Ai pazienti del gruppo di controllo che non raggiungevano l’MRD-negatività era offerta la possibilità di passare al braccio sperimentale. Circa il 37% dei controlli ha effettuato il cross-over e, di questi pazienti, il 62% ha successivamente raggiunto la negatività dell’MRD.
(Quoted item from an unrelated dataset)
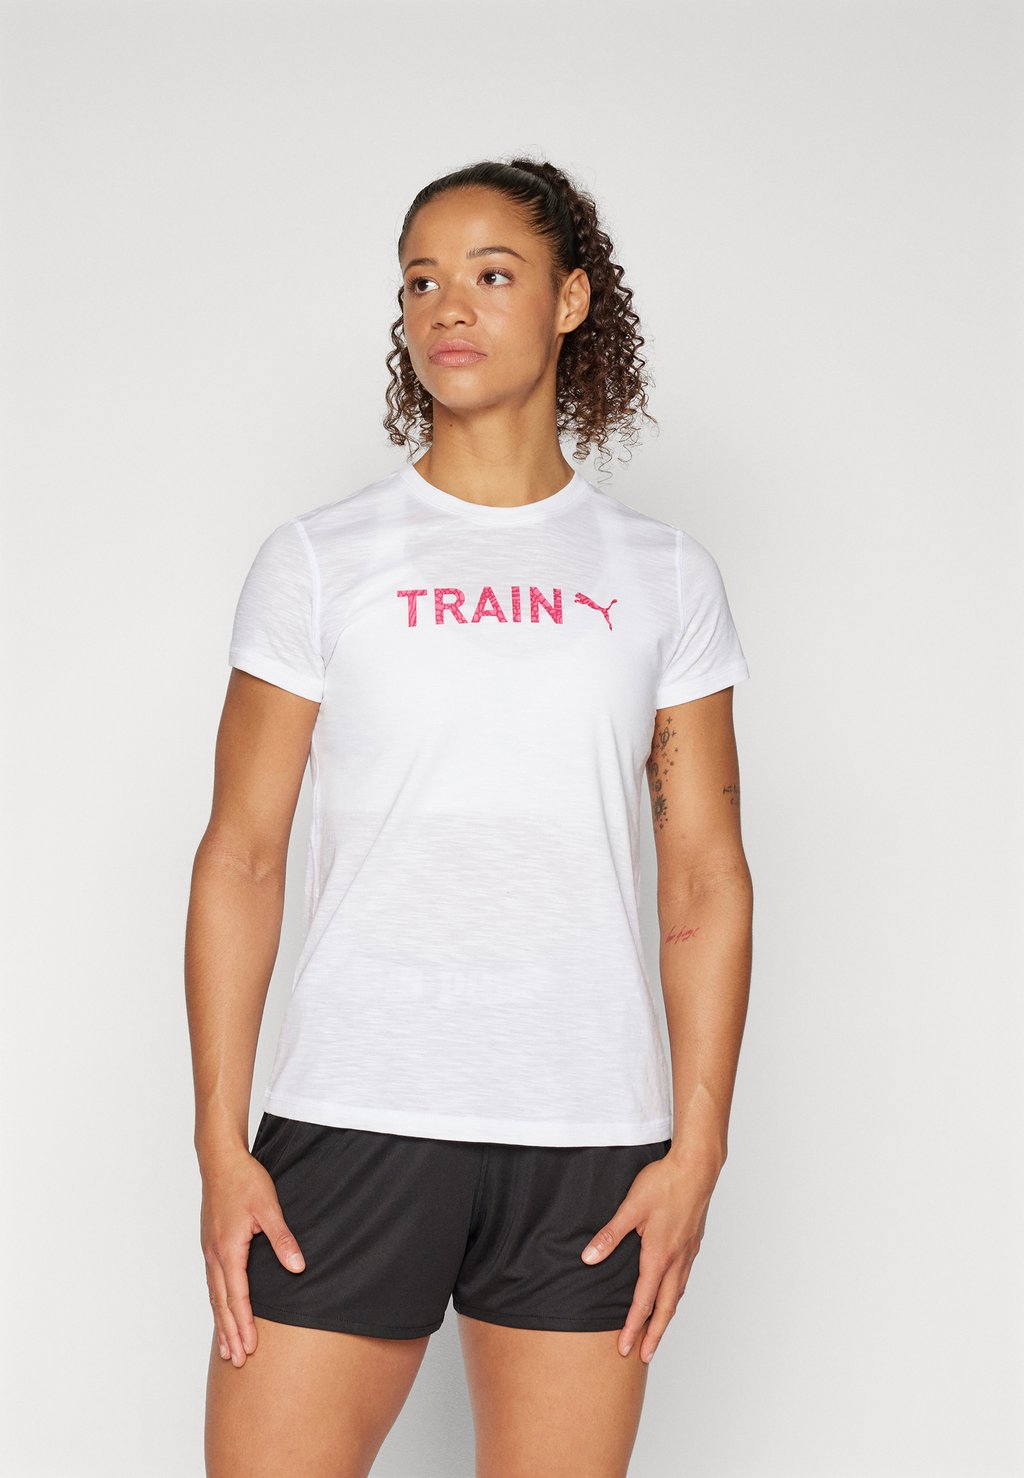 Спортивная футболка WOMEN'S GRAPHIC TEE TRAIN Puma, цвет white спортивная футболка train cat tee puma цвет olive green heather
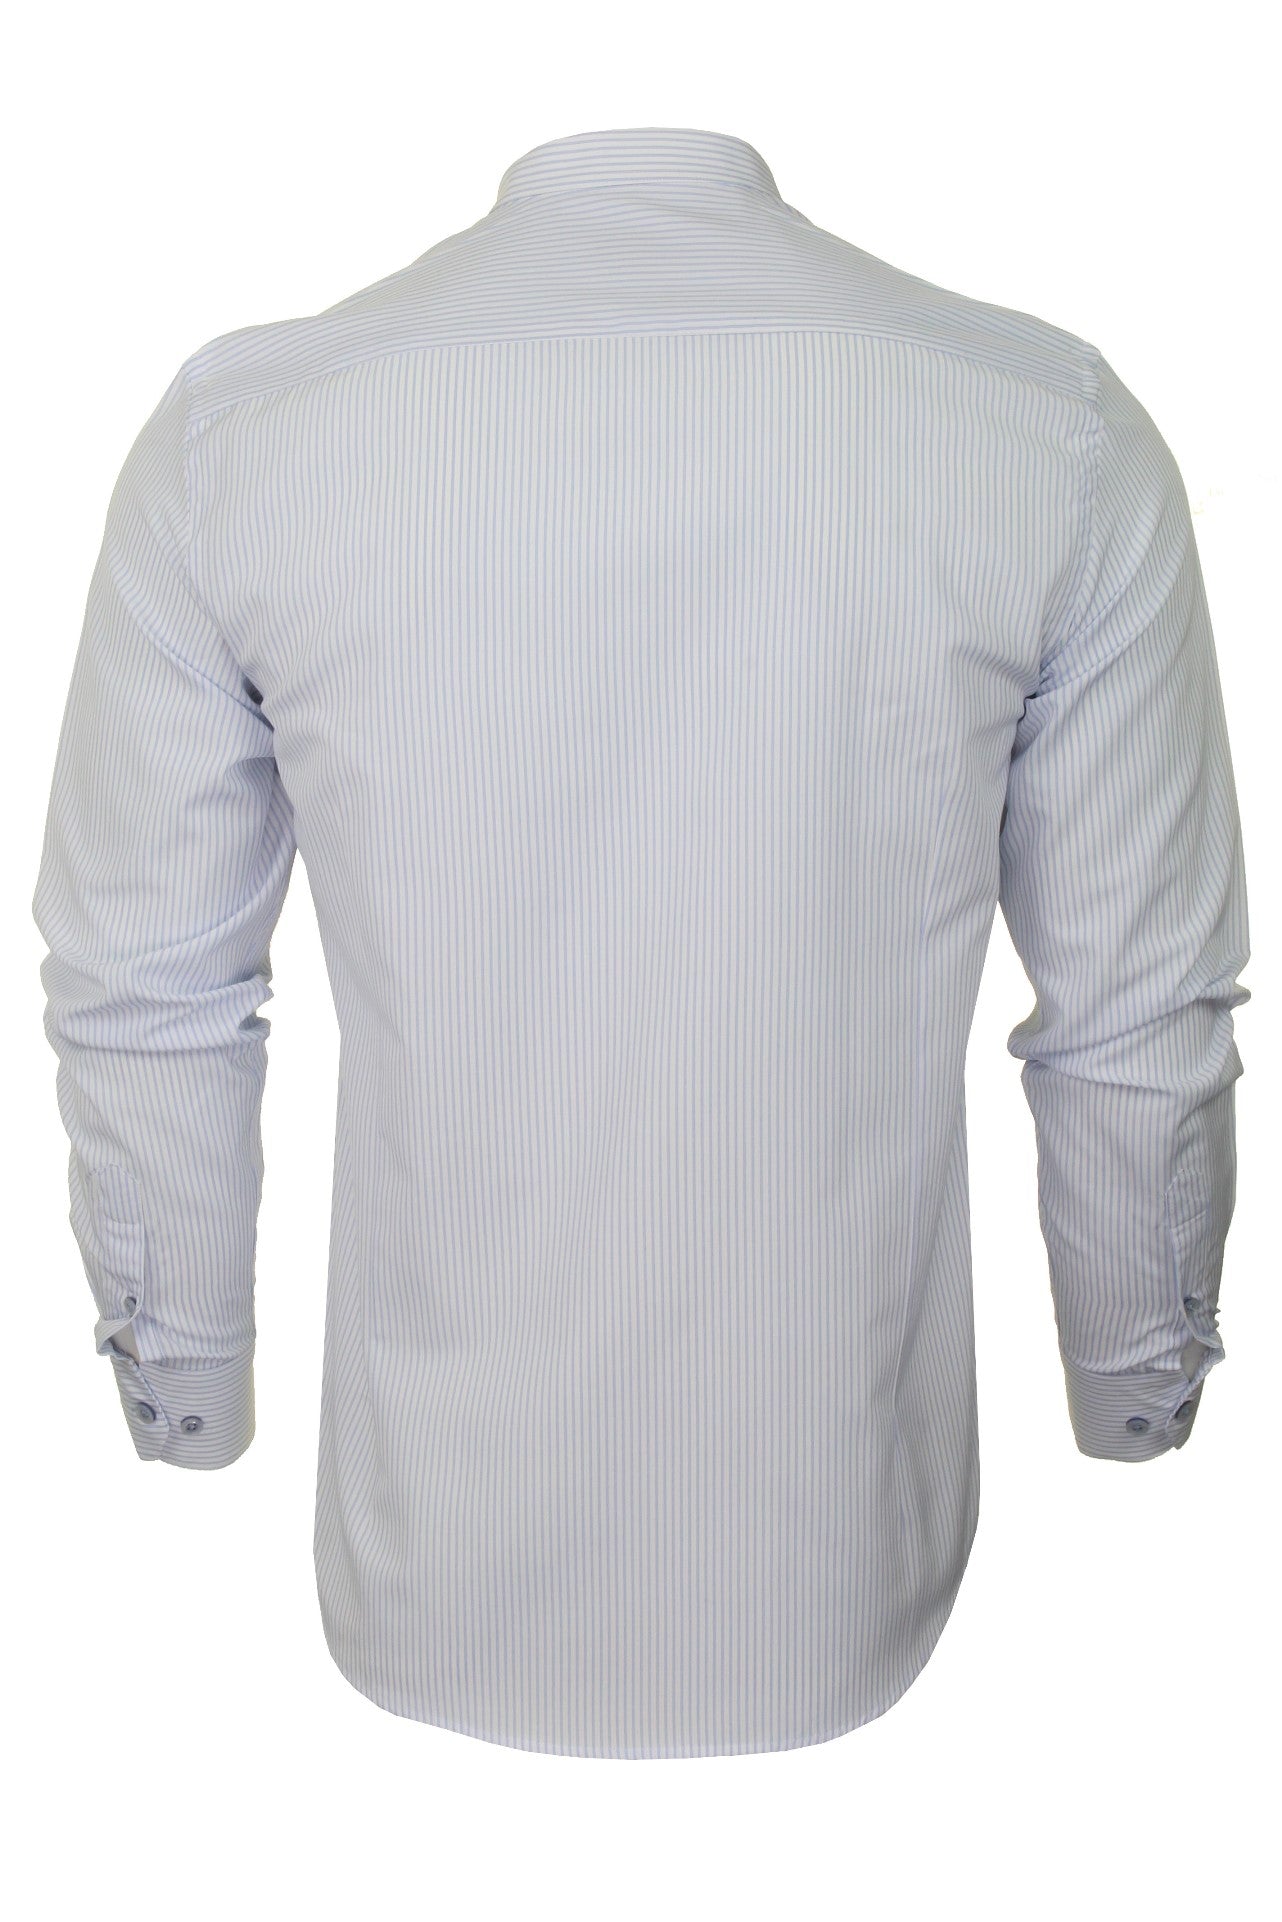 Xact Mens Stripe Grandad Shirt - Long Sleeved-3

Profili di sicurezza coerenti con quelli attesi
La maggior parte dei decessi si è verificata in pazienti anziani e le infezioni sono state una delle principali cause di morte nel braccio sperimentale.
I profili di sicurezza sono risultati coerenti con quelli attesi per ciascuna terapia coinvolta nello studio e i ricercatori hanno affermato che la maggior parte degli eventi avversi è stata affrontata con successo riducendo il dosaggio dei farmaci.
Risultati applicabili in qualsiasi Paese
Sebbene lo studio sia stato condotto esclusivamente in Italia, Chiaretti ha rimarcato che i risultati dovrebbero essere applicabili in qualsiasi Paese.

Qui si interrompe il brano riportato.